Ranma 1/2 Fan Fiction / Sailor Moon Fan Fiction ❯ Reluctant Bet (2nd Labor) ❯ prologue ( Prologue )
[ P - Pre-Teen ]
4/1/00
NOTE: Several times i was accused of writing an SI (this was especially nasty with Future Tense and King Of Fighters) based on the Perfect Ranma (not sure which fic this was supposed to be)
So... here we go with something that is just meant to be a momentary amusement where i actually do what i've been accused of.
uhm. this is even less seriously written as a fic and more an attempt to have fun by bending the traditional SI conventions. however, as some ideas presented here have not (to my knowledge) been done, and could be interesting in a fic of their own, they are presented.
--------------------
Prologue: A Reluctant Bet
---------------------
Asgard
If one visited Heaven, one would find it was divided into sections. This was partly because one person's Heaven was another's Hell (or at least irritating), partly because the various Faith systems that had developed were the "blind men and the elephant" but were represented anyway, but mainly because it was sufficiently big that there was no reason not to.
In a section known as Asgard, there was a magnificent citadel wherein was housed the "Goddess Relief Office", which could access Yggdrasil directly and which made use of the Ultimate Force to grant wishes to their clients - mortals of a pure heart.
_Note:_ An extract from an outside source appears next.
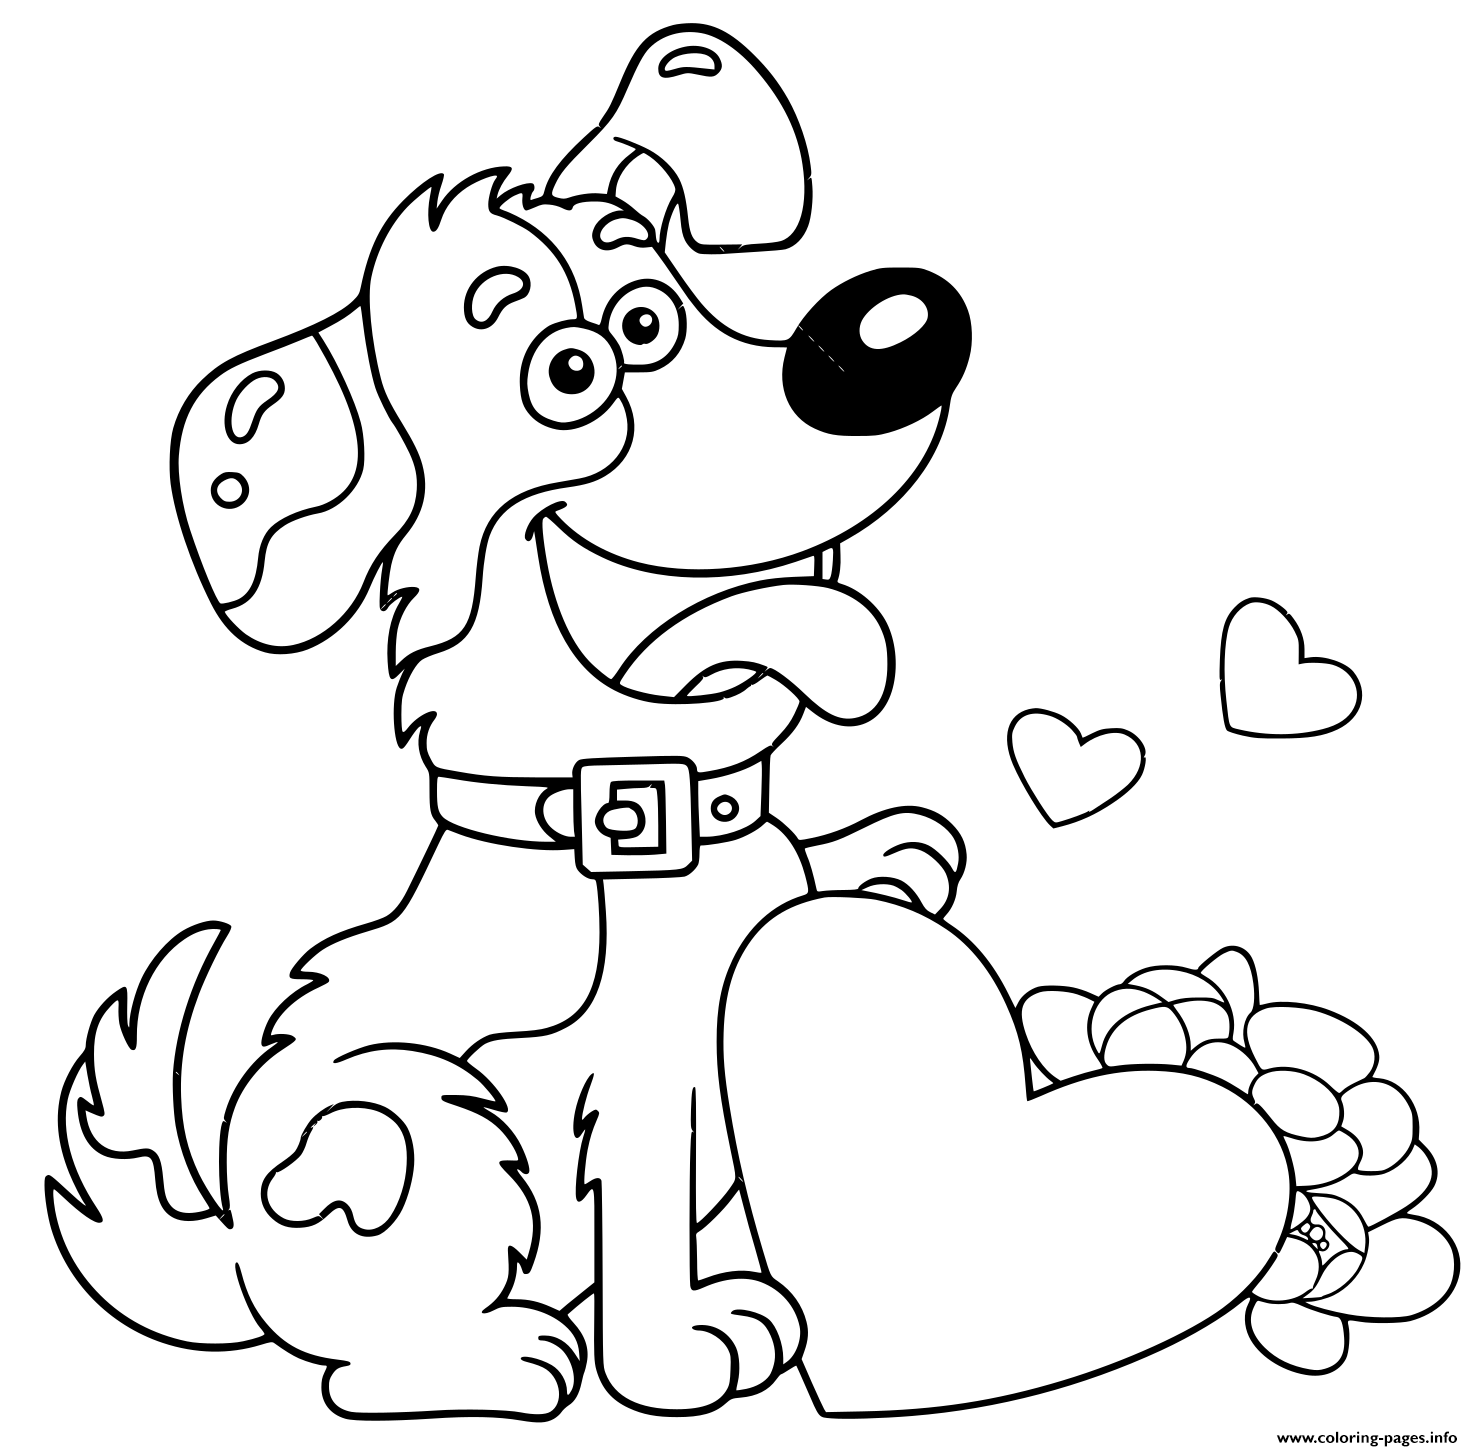 Cartoon Dog With Flowers And Heart Greeting Card Birthday Valenti coloring

A building of crystal and silver that fit into the splendor of its environment perfectly. The employees were all powerful goddesses, and those that weren't beautiful were at least attractive. Its scope was the Universe.
Not far away was its nominal rival, in an equally magnificent set of towering buildings, the Earth Assistance Hotline. It shared resources with its rival agency including the Ultimate Force. Which had both gods and goddesses, all powerful and quite attractive. Its scope was the Earth, though humans of other planets also fell into their purvue.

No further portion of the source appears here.